Заведующий сказал правду, через две недели канцтовары поступили на базу, они поступили бы еще раньше, но события на Карельском перешейке заставили железные дороги, которые подходят к Ленинграду, перевозить другие грузы. Иона Овсеич предвидел эту задержку: еще до того как сообщили по радио, он дал понять, что финское правительство на все наши предложения отодвинуть границу от Ленинграда и передать в аренду полуостров Ханко за реальную компенсацию в любом пограничном районе нагло крутило носом, отвечая отказом. Тридцатого ноября финские войска, базируясь на «линии Маннергейма», которую совместно строили германские, французские и английские военспецы, совершили ряд провокаций на советской границе. Красная Армия перешла в наступление.

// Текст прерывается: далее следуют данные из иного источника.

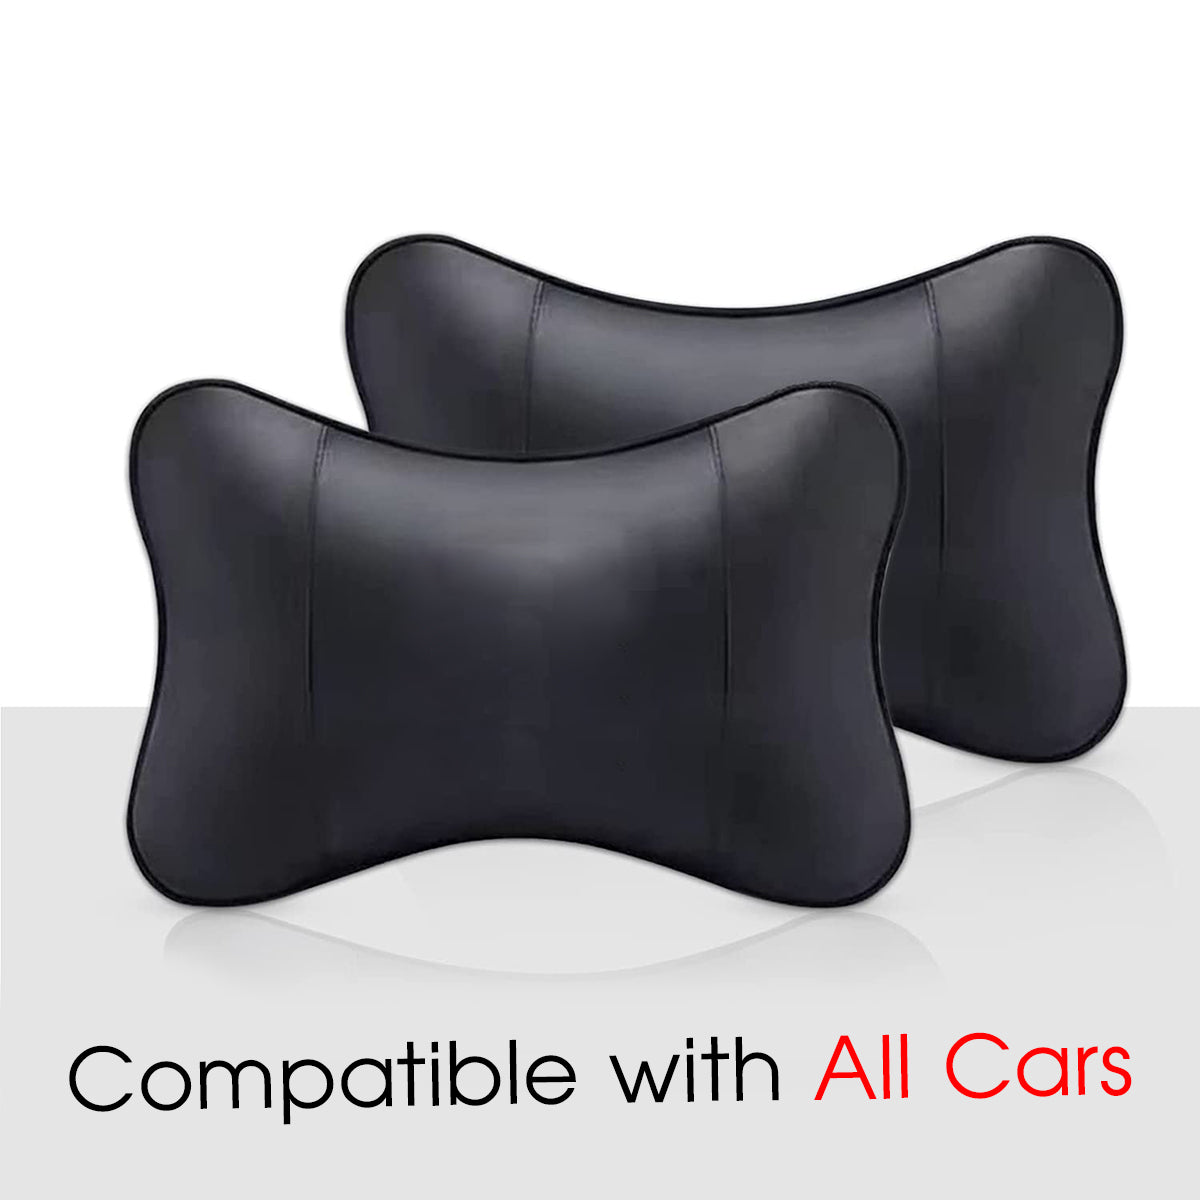 Thickened Foam Car Neck Pillow, Custom For Your Cars, Soft Leather Headrest (2 Pieces) for Driving Home Office, Car Accessories UE13990

Аня Котляр, когда услышала про войну с Финляндией, первым делом испугалась за собственного Сашу и собственного Петю. Она была уверена, что Гитлер со своей Германией тоже нападет на СССР, но Иона Овсеич со всей ответственностью предупредил, чтобы она не наводила панику и прекратила провокационные разговоры, ибо СССР имеет с Германией пакт о ненападении, сроком на десять лет, подписанный товарищем Молотовым и Риббентропом. Что же касается Финляндии, то здесь вопрос дней: во всей Финляндии столько населения, сколько в одном Ленинграде, а в экономическом отношении это аграрно-индуст-риальная страна, с преобладанием лесного хозяйства и молочного животноводства.
На следующем занятии Иона Овсеич предупредил, что возможна некоторая оттяжка сроков: несмотря на очень сильные морозы, на границе с Финляндией имеются незамерзающие болота, которые мешают развернуться нашей коннице, танкам и броневикам.
В начале декабря значительные массы арктического воздуха достигли Одессы, на мостовых образовался плотный, с наледью, слой снега, и машины сильно буксовали. Чтобы не создавать очередей в магазинах, горсовет приказал отпускать по четыреста граммов хлеба на человека в день. Всем хозяйкам велели сшить мешочки, на лицевой стороне указать адрес, фамилию и полный состав семьи. Хлеб привозили на тачке прямо во двор, в течение дня кто-нибудь из семьи обязательно должен был оставаться дома, так как магазин не мог заранее предвидеть, когда именно прибудет хлеб из пекарни.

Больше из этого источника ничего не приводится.